Re: [HACKERS] Postgres 6.5 beta2 and beta3 problem

From
Thomas Lockhart
Date:
> What feedback do you want? I am pretty sure two Olegs on this list are
> ready to continue the discussion.

istm that the Russian and Japanese contingents could represent the
needs of multibyte and locale concerns very well. So, we should ask
ourselves some questions to see if we can make *progress* in evolving
our text handling, rather than just staying the same forever.

SQL92 suggests some specific text handling features to help with
non-ascii applications. "national character" is, afaik, the feature
which would hold an installation-wide local text type. "collations"
would allow other text types in the same installation, but SQL92 is a
bit fuzzier about how to make them work.

Would these mechanisms work for people?
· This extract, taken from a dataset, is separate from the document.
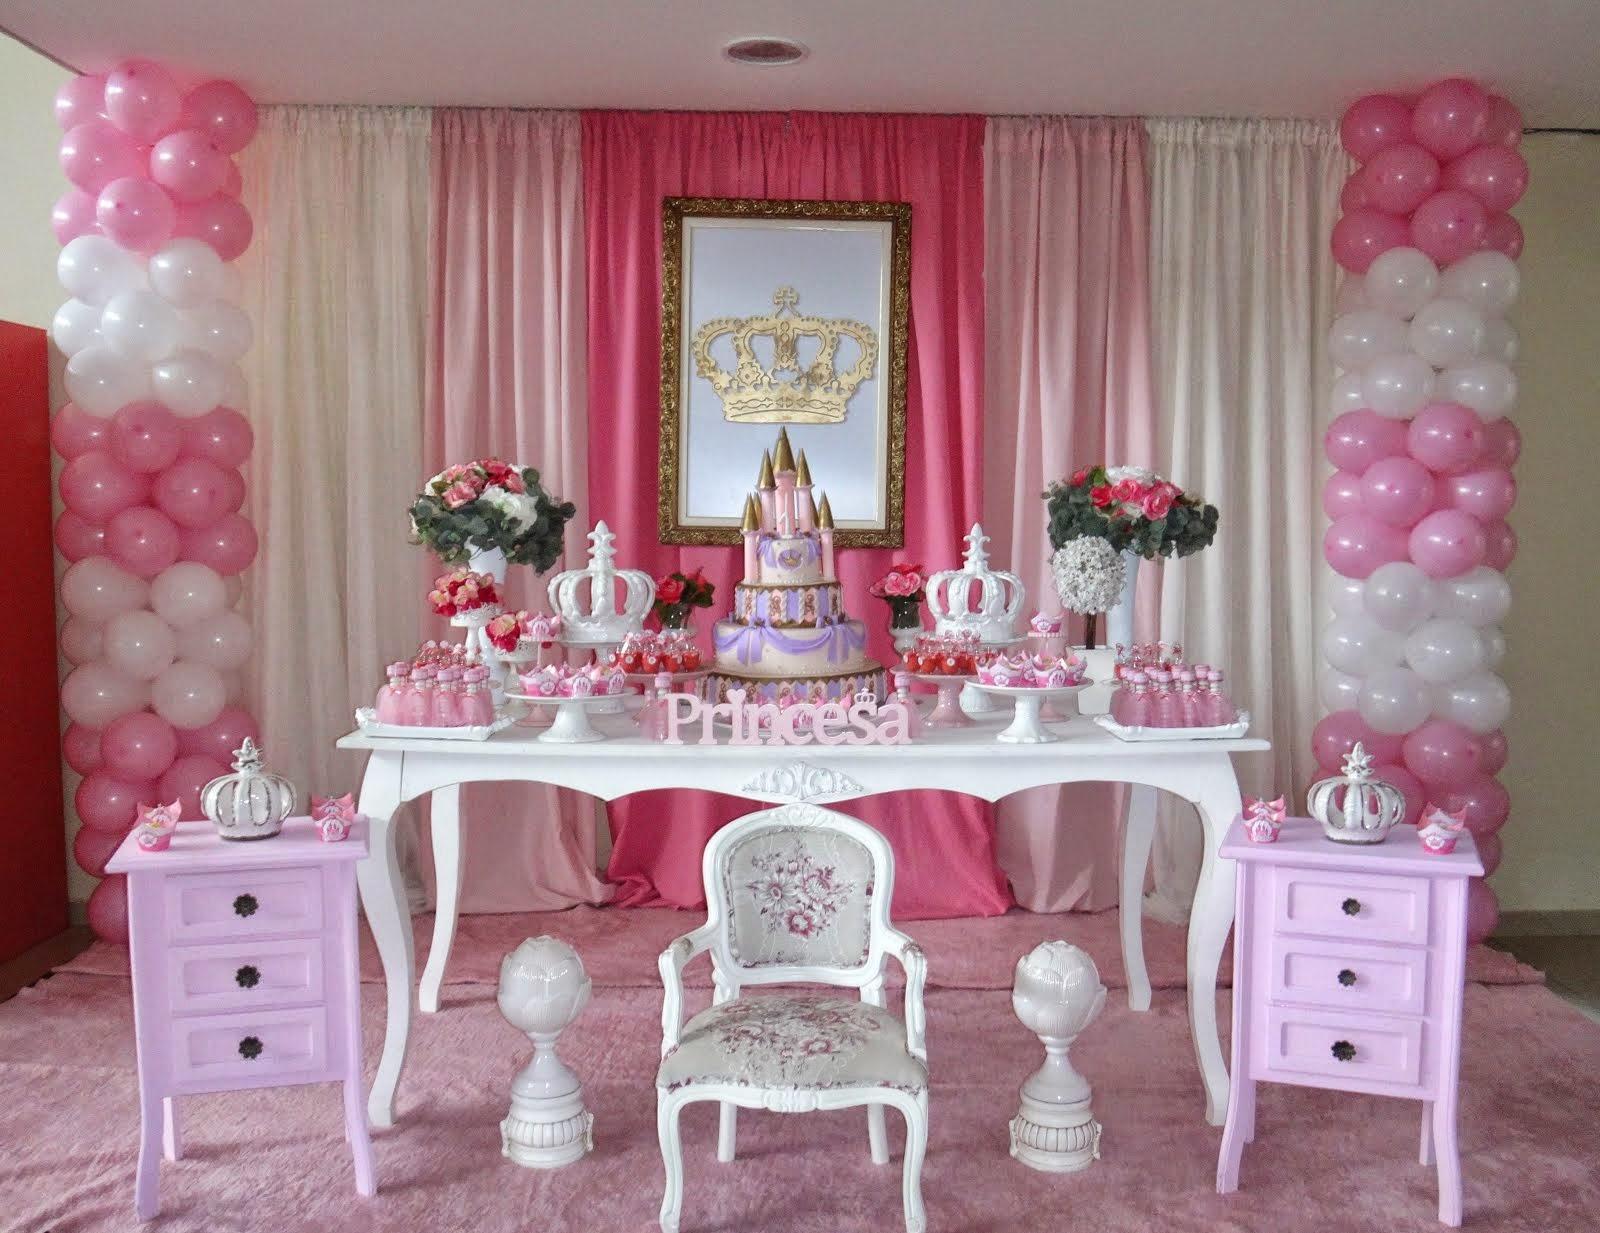 decoração princesas
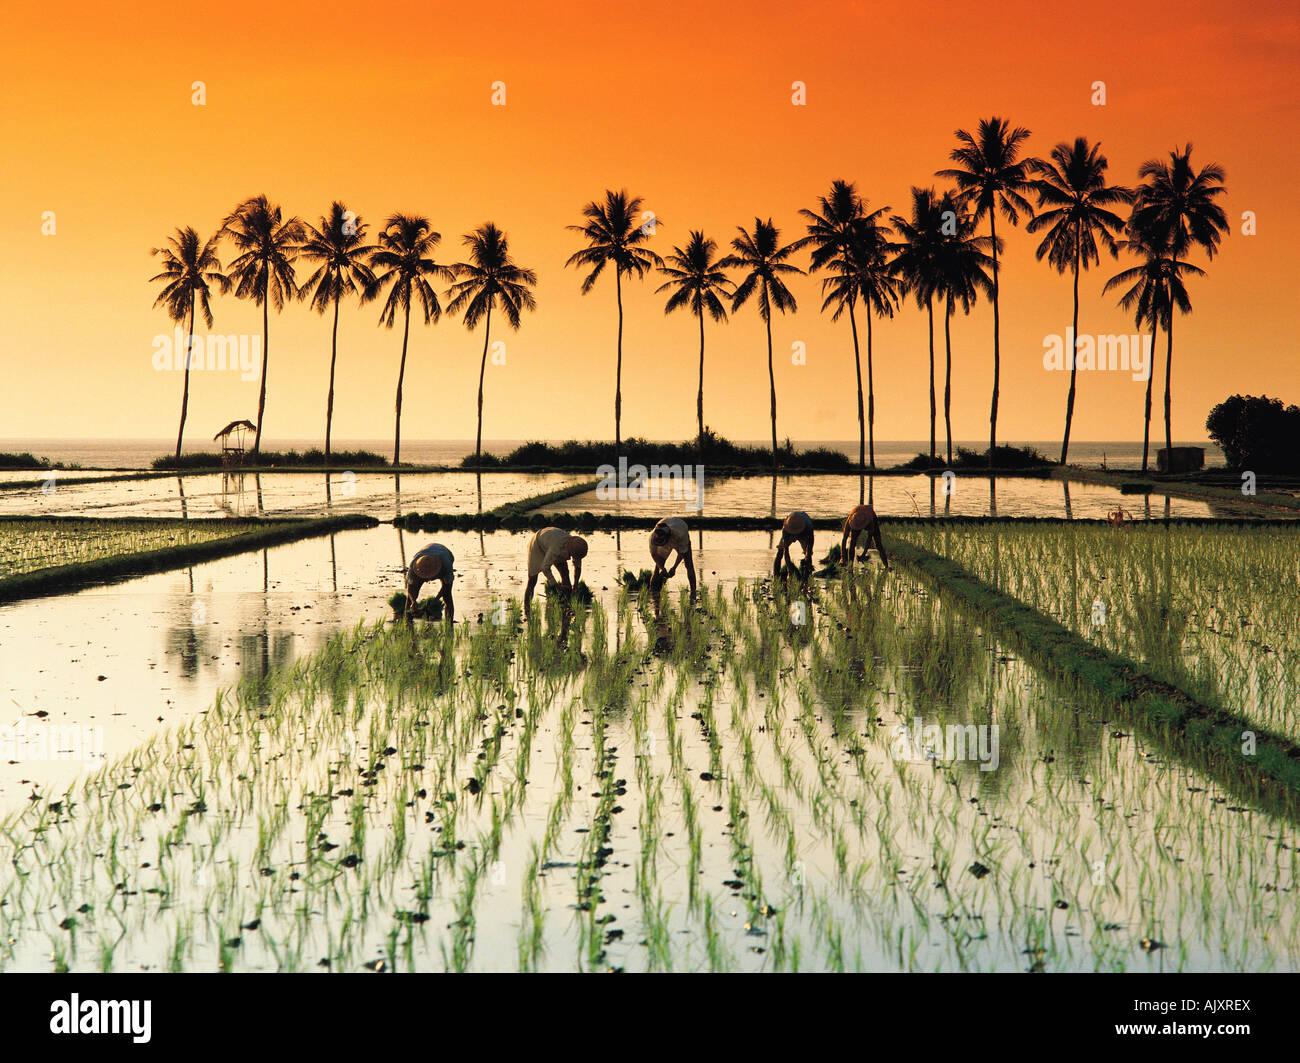 Viaggi, Indonesia, Bali, agricoltura, riso paddy lavoratori di campo al tramonto, Kali Buk Buk, vista con palme, Immagini Stock

Or are they so fundamentally
flawed or non-standard (it is from a standard, but I'm not sure who
implements it)?
                   - Thomas

-- 
Thomas Lockhart                lockhart@alumni.caltech.edu
South Pasadena, California


Re: [HACKERS] Postgres 6.5 beta2 and beta3 problem

From
Tatsuo Ishii
Date:
> istm that the Russian and Japanese contingents could represent the
> needs of multibyte and locale concerns very well. So, we should ask
> ourselves some questions to see if we can make *progress* in evolving
> our text handling, rather than just staying the same forever.
> 
> SQL92 suggests some specific text handling features to help with
> non-ascii applications. "national character" is, afaik, the feature
> which would hold an installation-wide local text type. "collations"
> would allow other text types in the same installation, but SQL92 is a
> bit fuzzier about how to make them work.
> 
> Would these mechanisms work for people? Or are they so fundamentally
> flawed or non-standard (it is from a standard, but I'm not sure who
> implements it)?

In my opinion, introducing NCHAR is useful at least for single byte
codes. Although I'm not familiar with single byte languages, I see
strong demands for NCHAR through recent discussions.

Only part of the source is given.